- **DATA BELOW**
=== Section Start ===

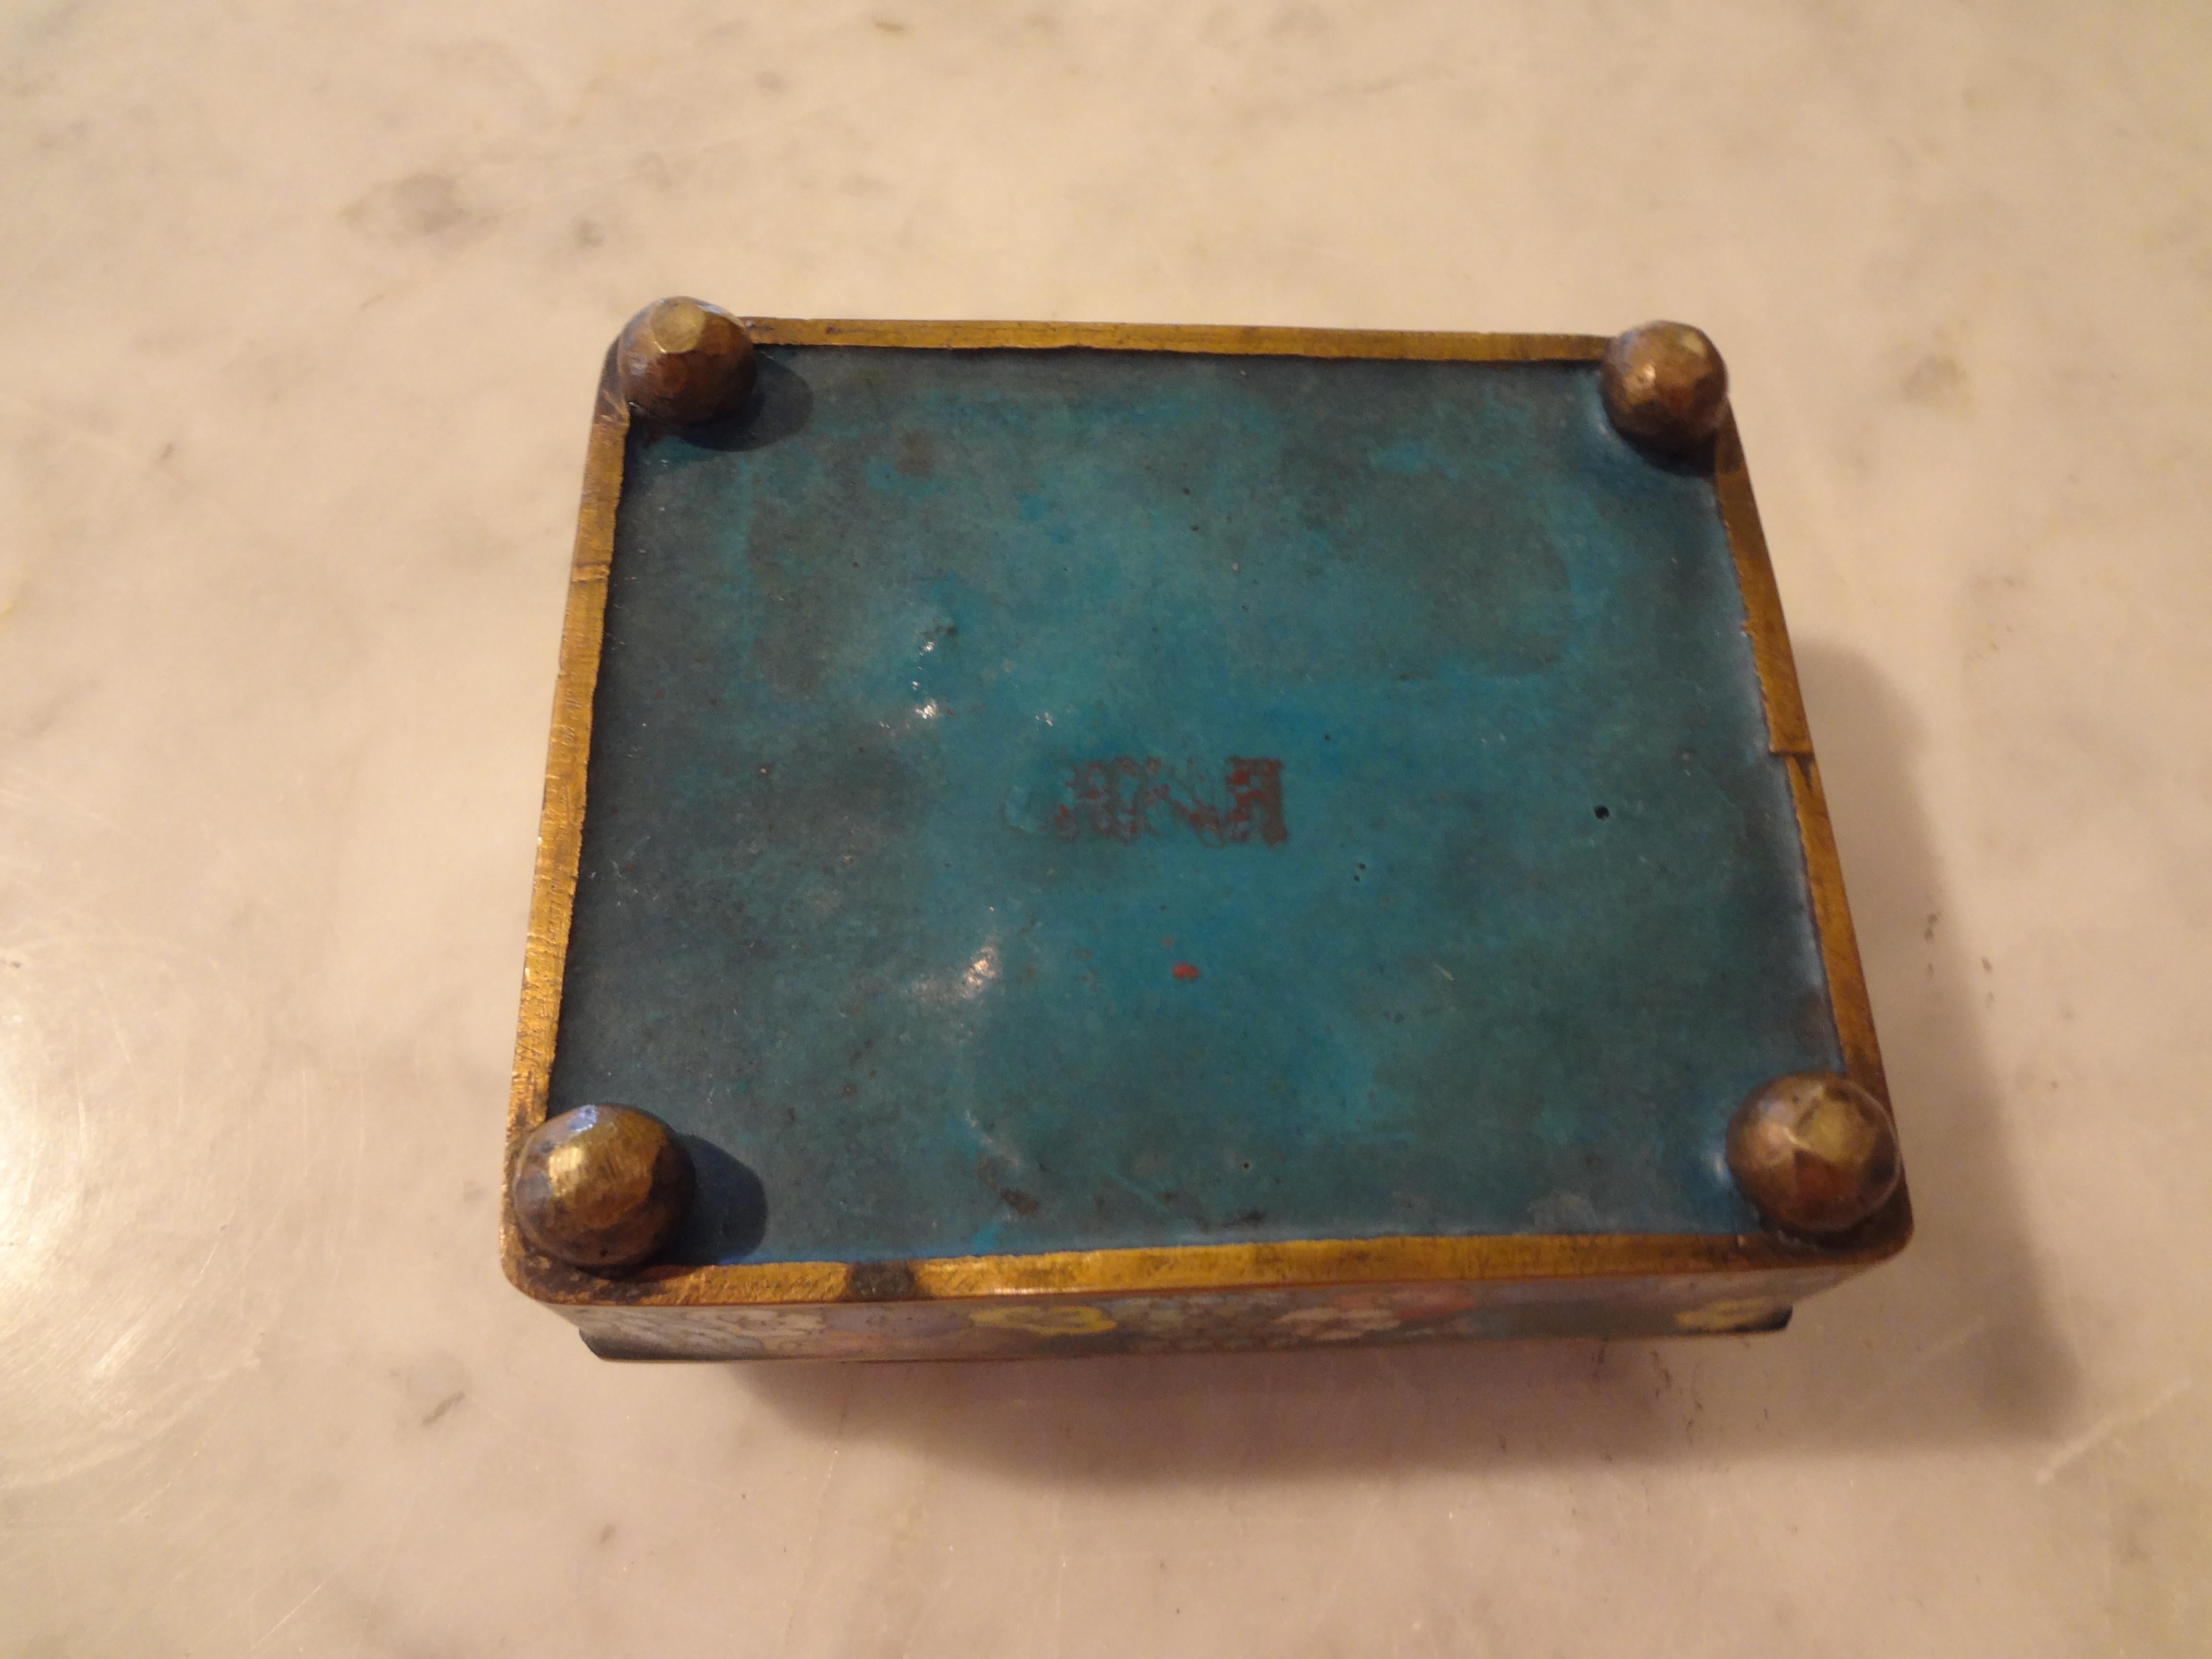 Chinese Export Cloisonné Box Stamped China 1
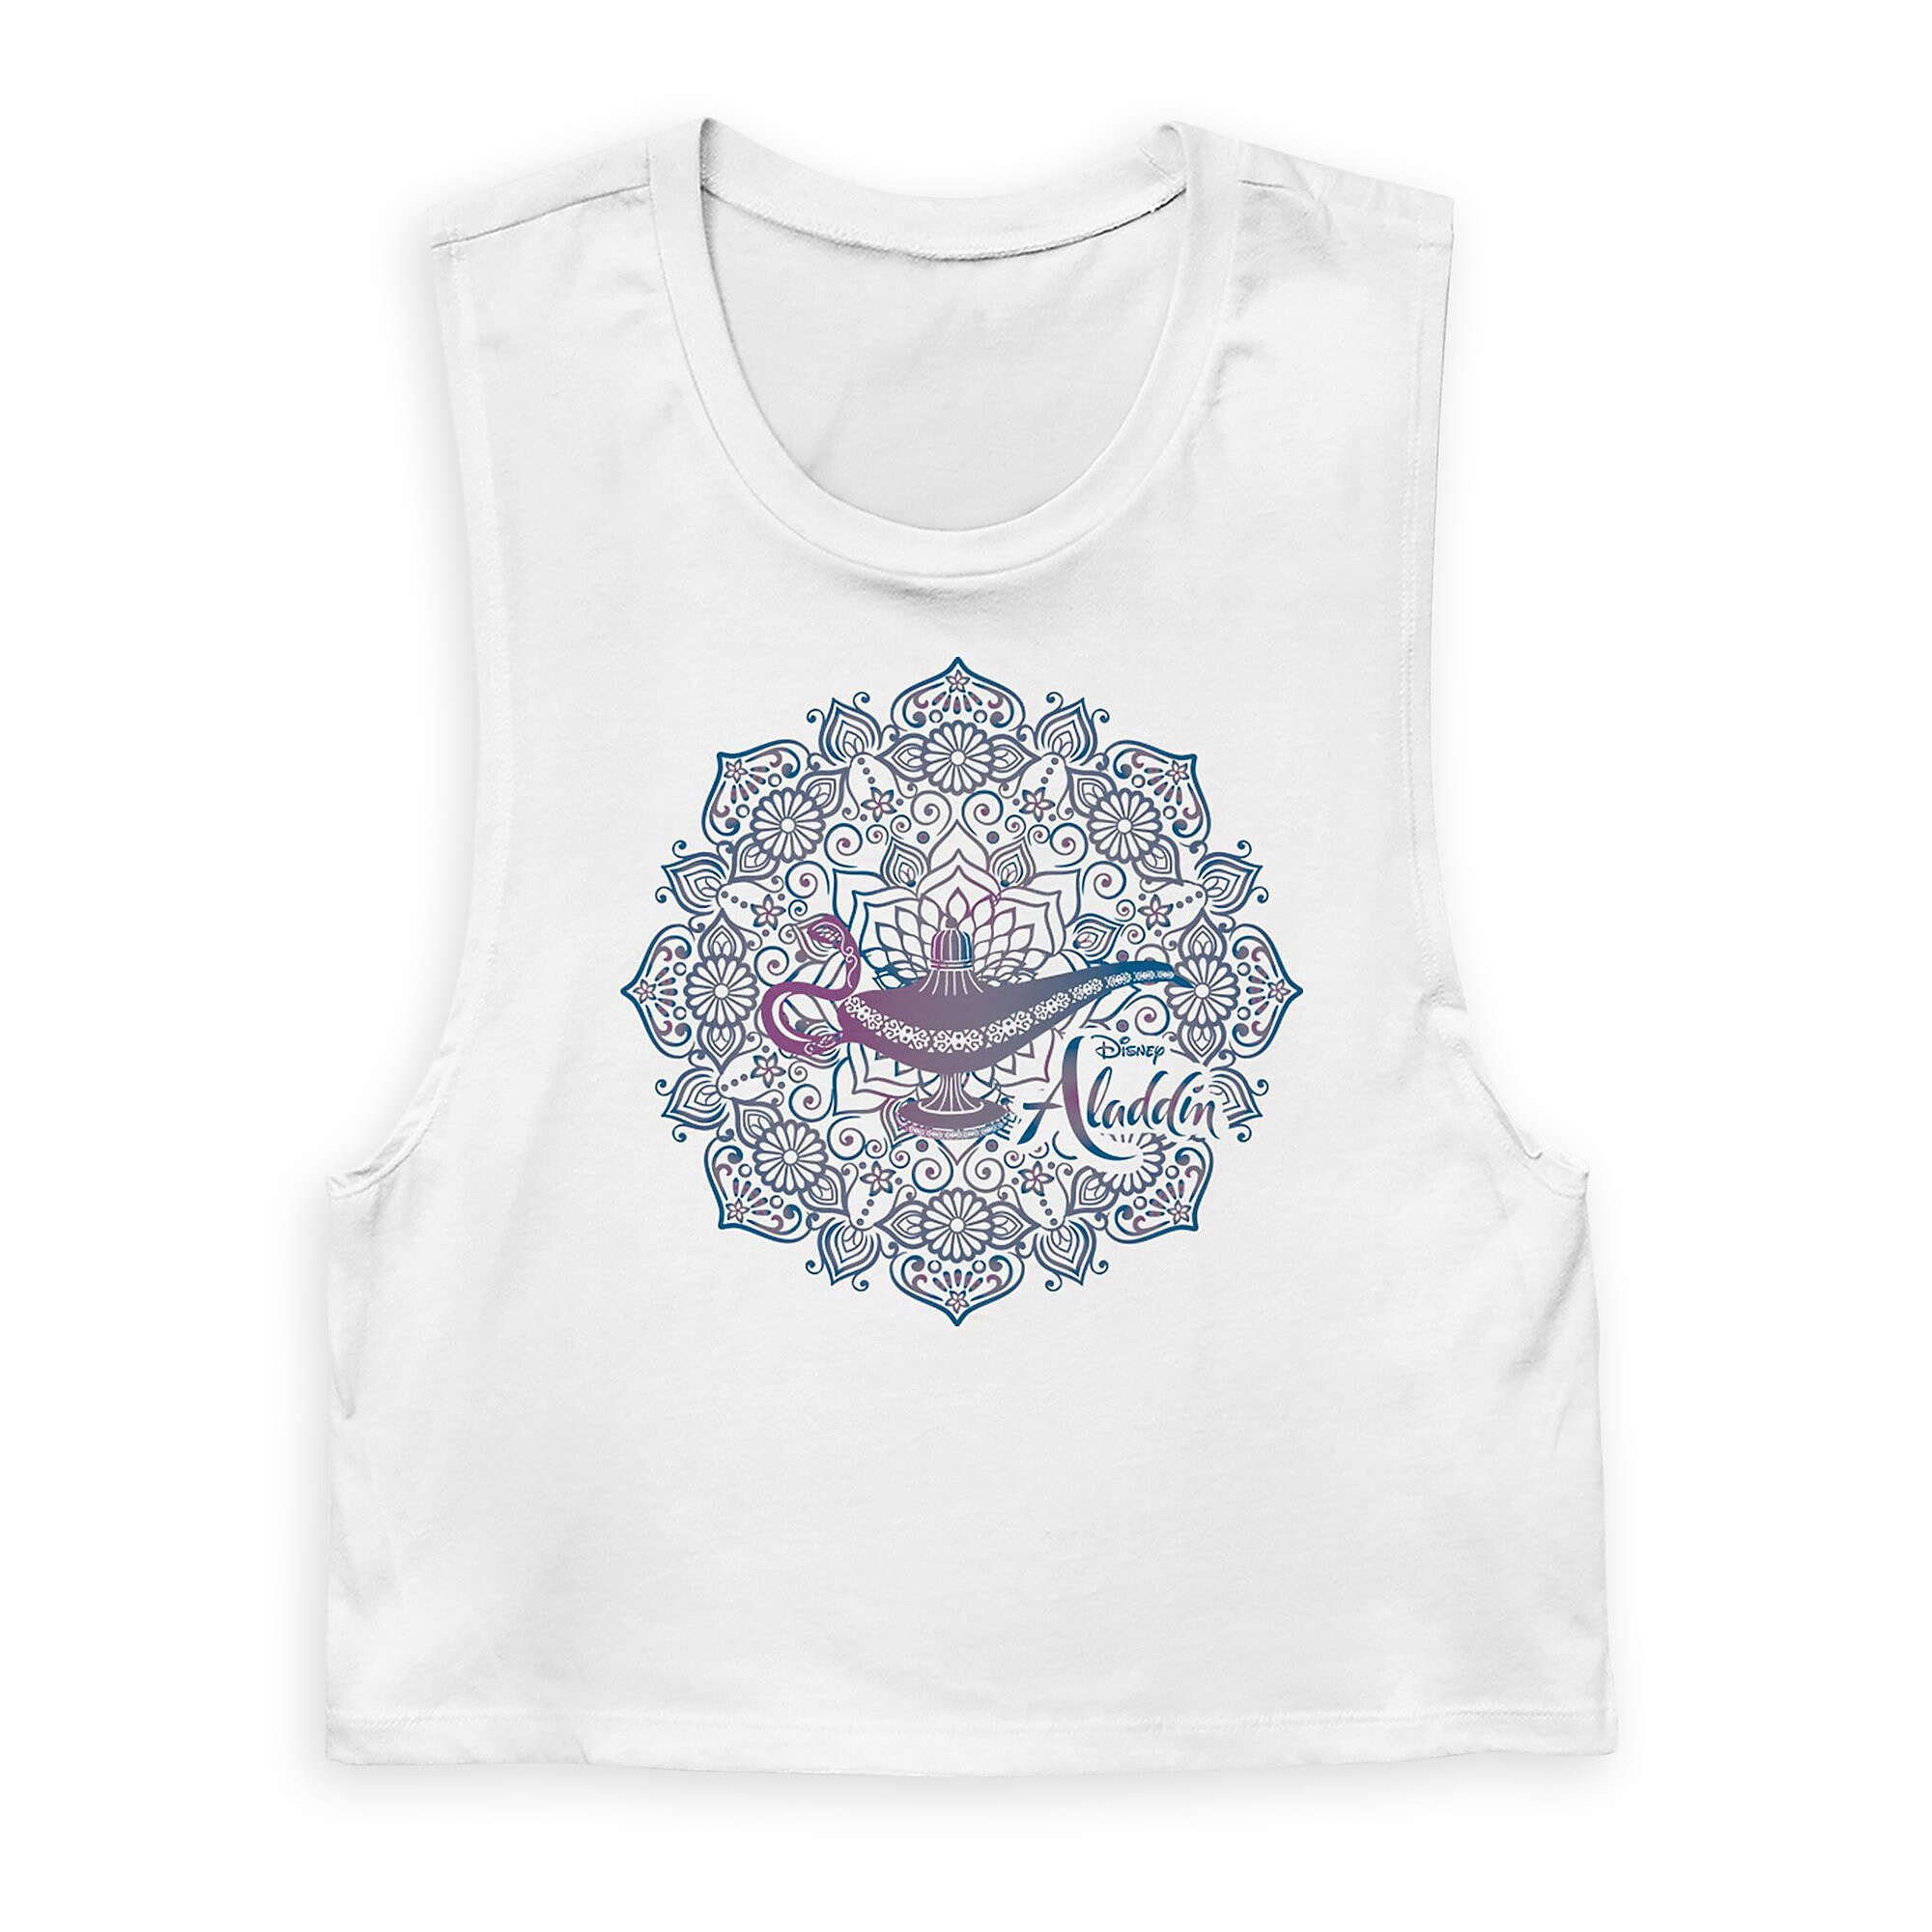 Magic Lamp Cropped Tank Top for Juniors - Aladdin - Live Action Film
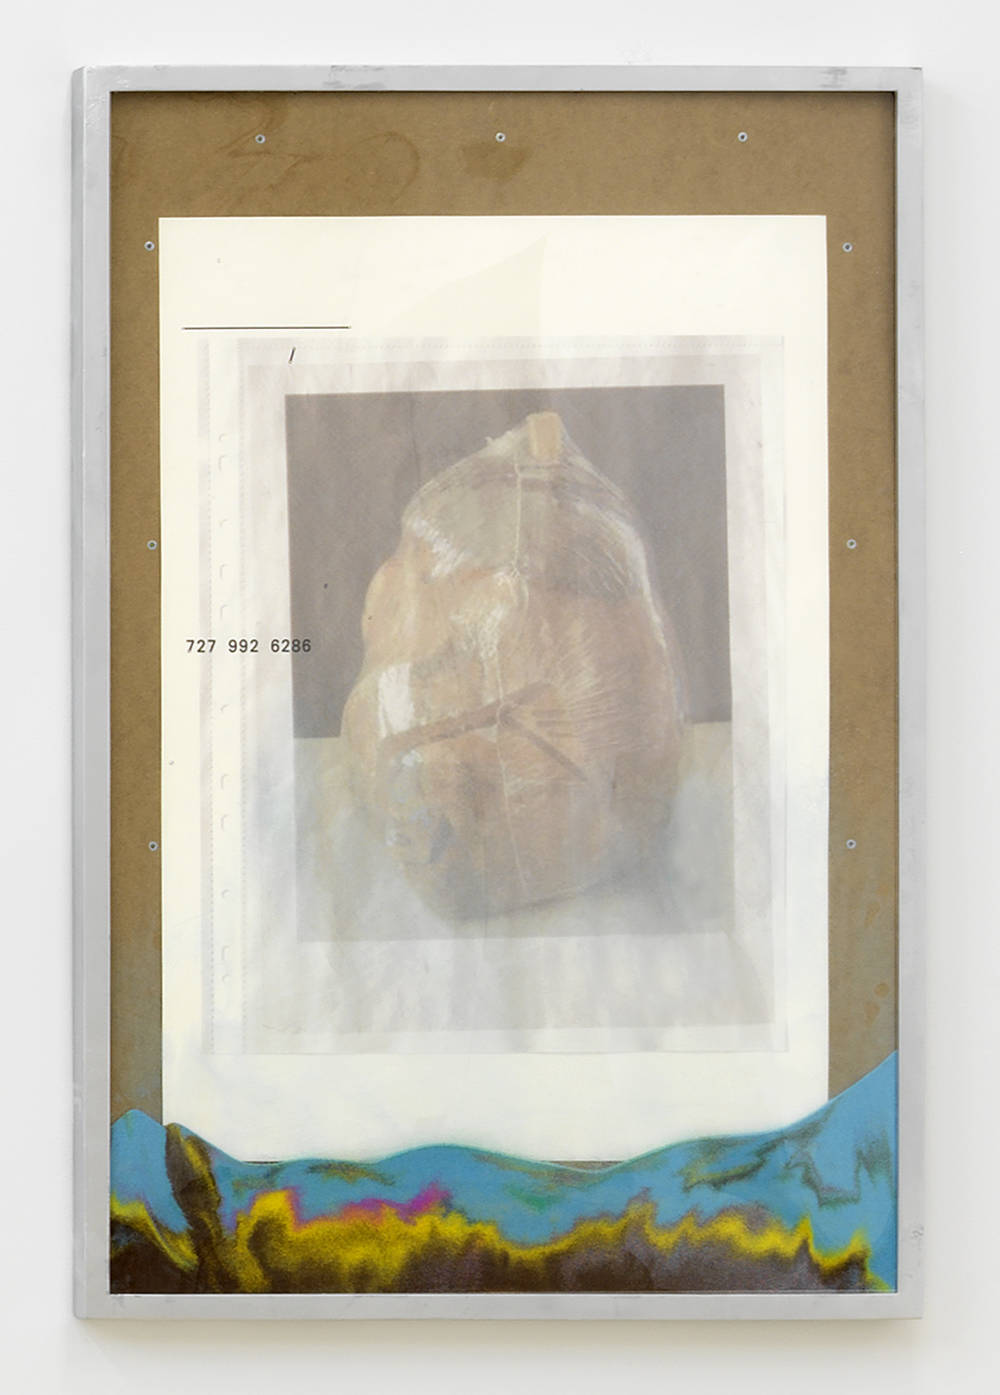 In a silver frame, an abstract poster image with a brown border. At the bottom of the frame behind glass is a pile of differently colored sand.

=== Section End ===

- **ACTIVITY**
Copy out the whole listing word for word, except for any picture it includes.

- **RESPONSE BELOW**
 Chinese Export Cloisonné Box Stamped China 1
 Magic Lamp Cropped Tank Top for Juniors - Aladdin - Live Action Film
 In a silver frame, an abstract poster image with a brown border. At the bottom of the frame behind glass is a pile of differently colored sand.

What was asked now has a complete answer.